100% injury free and accident proof are two different things. A car can't be accident proof, there are too many environmental factors outside of the car that you can't control, most importantly the other driver and their car. However, I can see within the realm of reality that you could build a safe shell around the passenger compartment in order to save the passengers and driver from injury. A bit tough and no doubt expensive, but possible.

It seems like the accident proof statement was the article putting words into Broberg's mouth. Am I too far off base?

Demolition man (1)

thetoadwarrior (1268702) | more than 5 years ago | (#26301019)

It would be cool to have something like demolition man where the car fills with foam. I'm not sure if it would work in real life but someone should try it.

So Volvo 2020 is a tank then? (1)

roman_mir (125474) | more than 5 years ago | (#26301031)

So the only way to make sure that people in a Volvo ALMOST never get killed is to make it a tank. It better be a huge one too, in case a train hits it. Still, probably won't do good against another Volvo tank.

It should weigh 80 tons and go no faster than 120km/h. At that point the survivability for Volvo drivers will be almost completely assured. I am not that positive about drivers of other cars, pedestrians, houses, bridges and even roads though.

GM & Chrysler's managment are on it . . . (1)

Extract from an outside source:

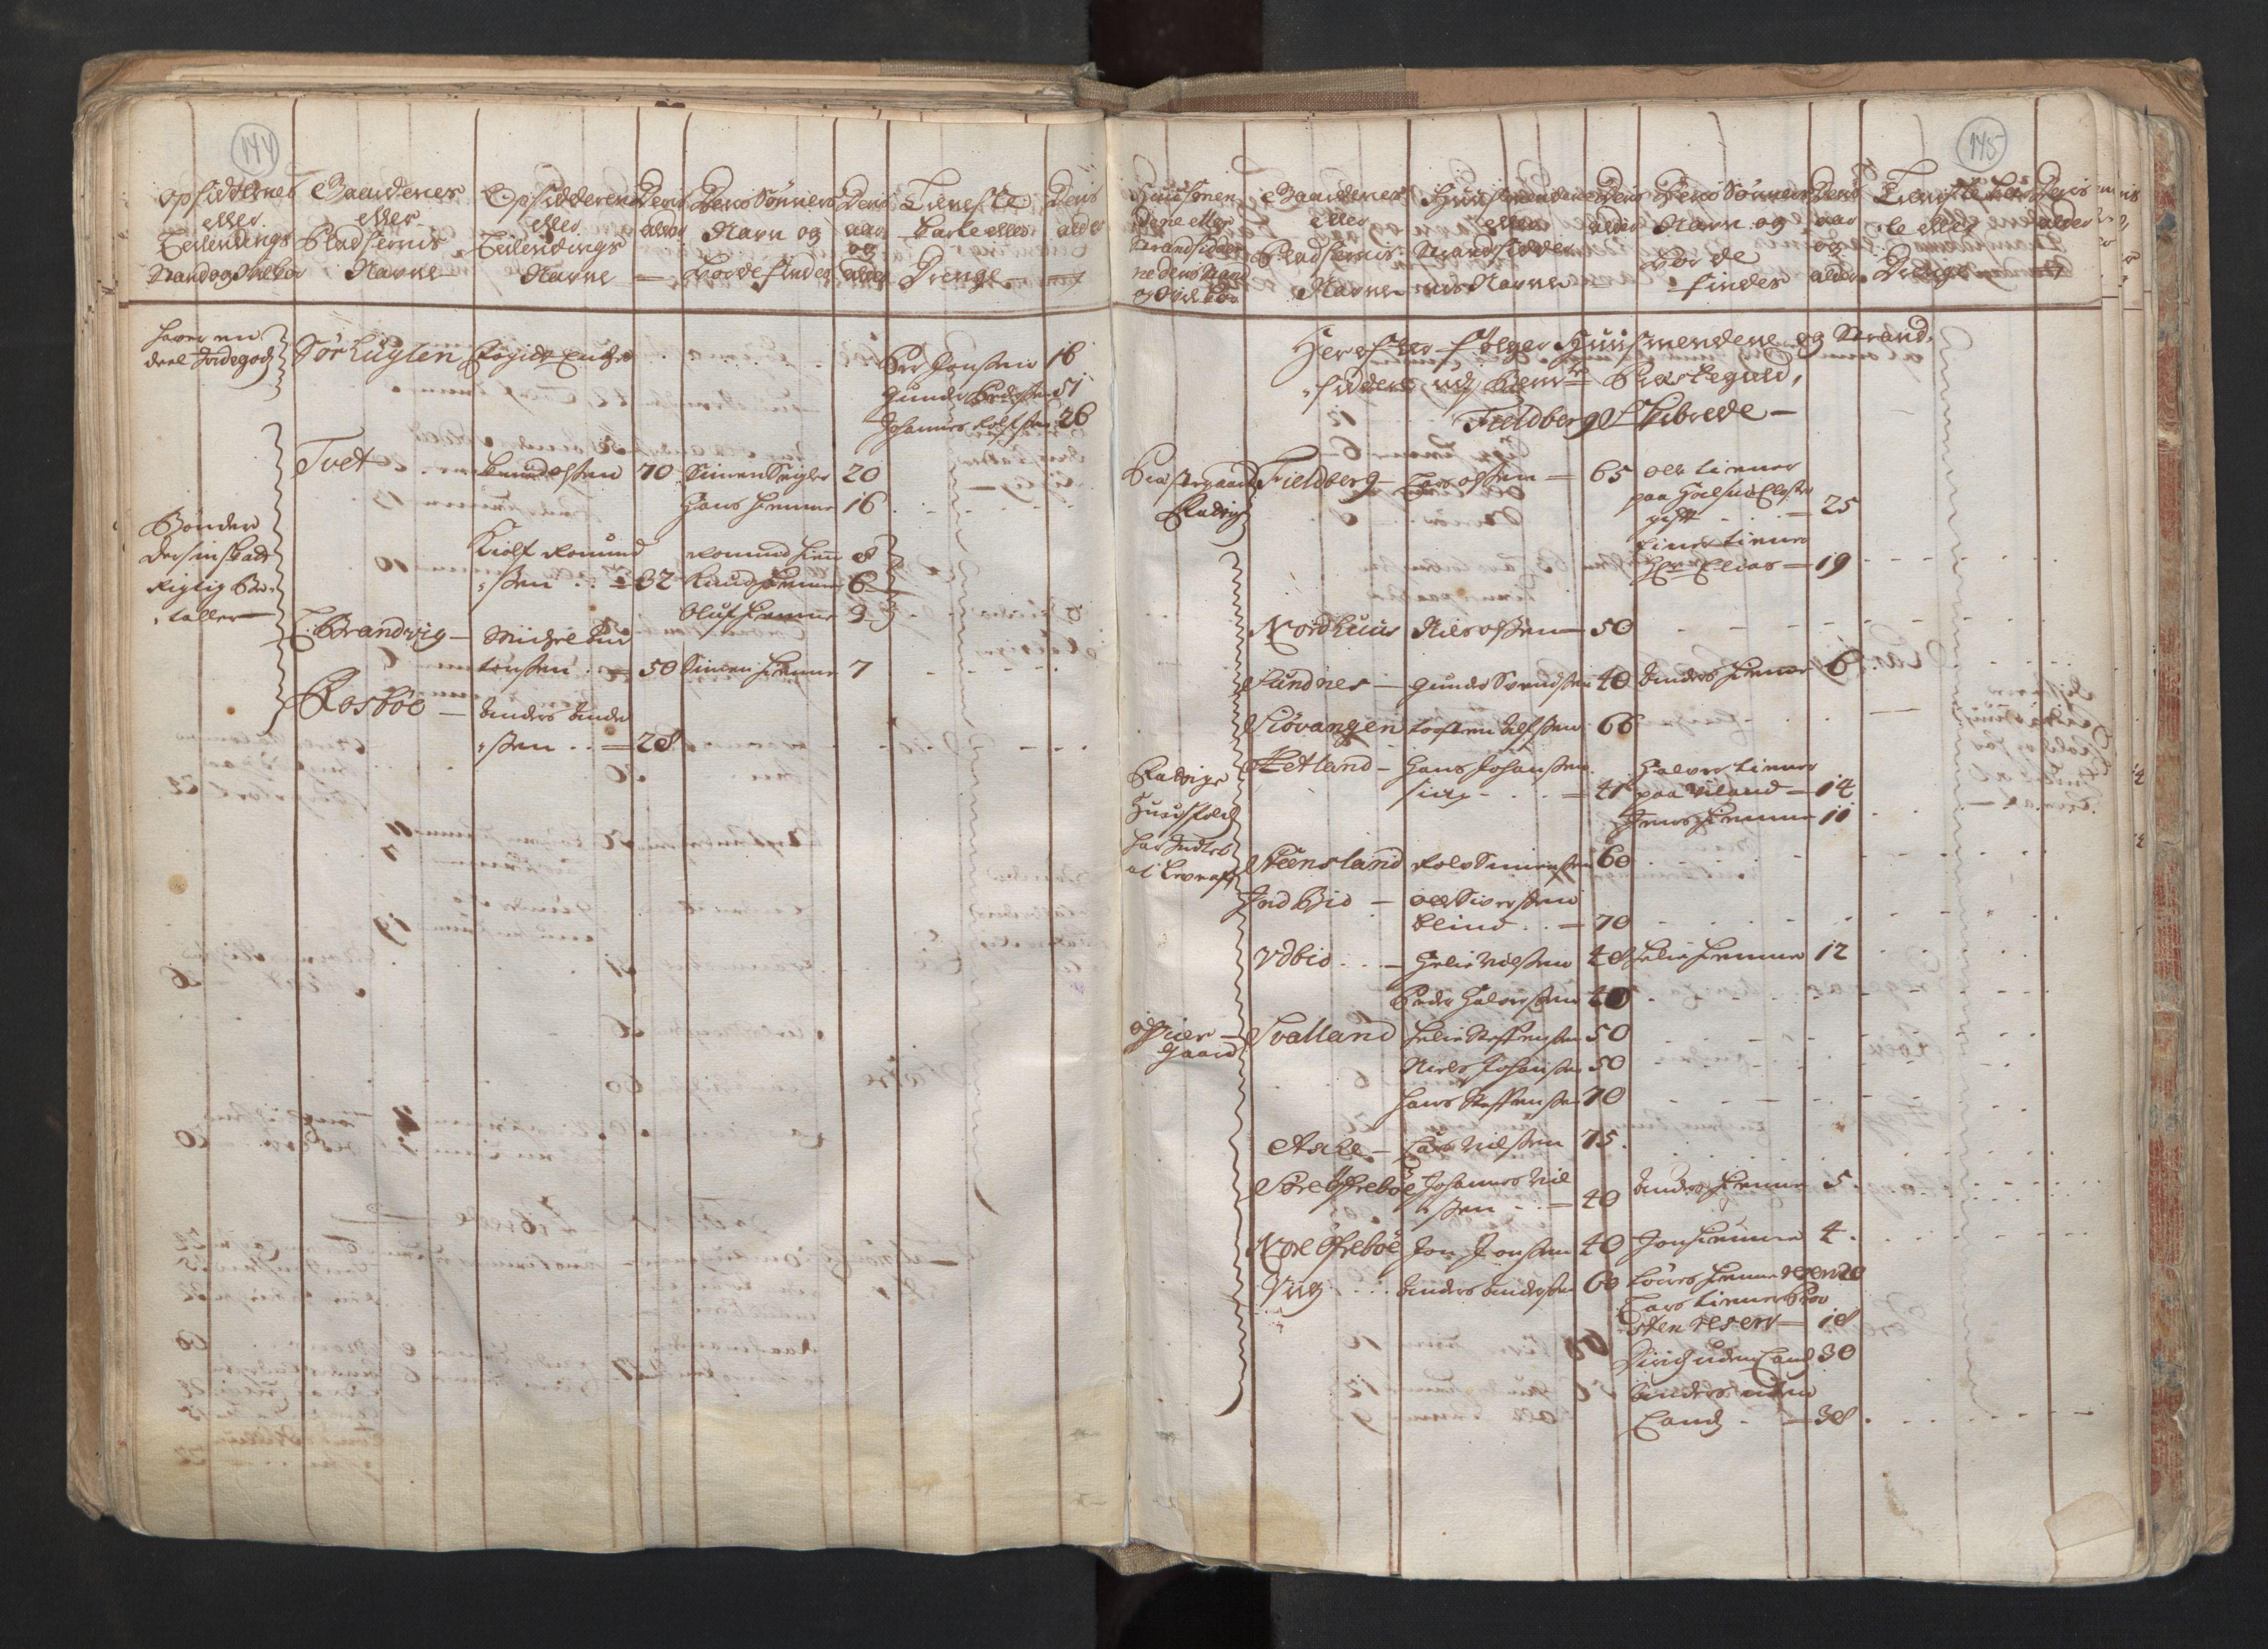 RA, Manntallet 1701, nr. 6: Sunnhordland fogderi og Hardanger fogderi, 1701, s. 144-145

PolygamousRanchKid (1290638) | more than 5 years ago | (#26301037)

by 2020 "no one should be killed or injured in a Volvo car."

If it wasn't for those meddling taxpayer kids, GM and Chrysler could have achieved that no one would be killed in a GM or Chrysler car, as well.

Well, at least until the last ones get off the road.

Note: Volvo belongs to Ford ... coincidence, I think not!

Collision Proof? (1)

flyneye (84093) | more than 5 years ago | (#26301041)

Collision Proof suggests the care will never collide.
Collision Resistant will keep the Ambulance chasing shysters off Volvos doorstep.
Letting the car make navagational decisions is akin to CNC dentistry. It may look good on paper,it may bring accolades around the coffee pot ,but eventually someones gonna get their Volvo sucker-punched by a semi-truck when it stops for a squirrel and need some new fillings.
Are you gonna open your mouth for the machine?

I heard (2, Funny)

mandark1967 (630856) | more than 5 years ago | (#26301061)

that if the car senses a collision is imminent, regardless of its attempts to prevent it, that it just explodes so it can maintain it's "collision proof" claim.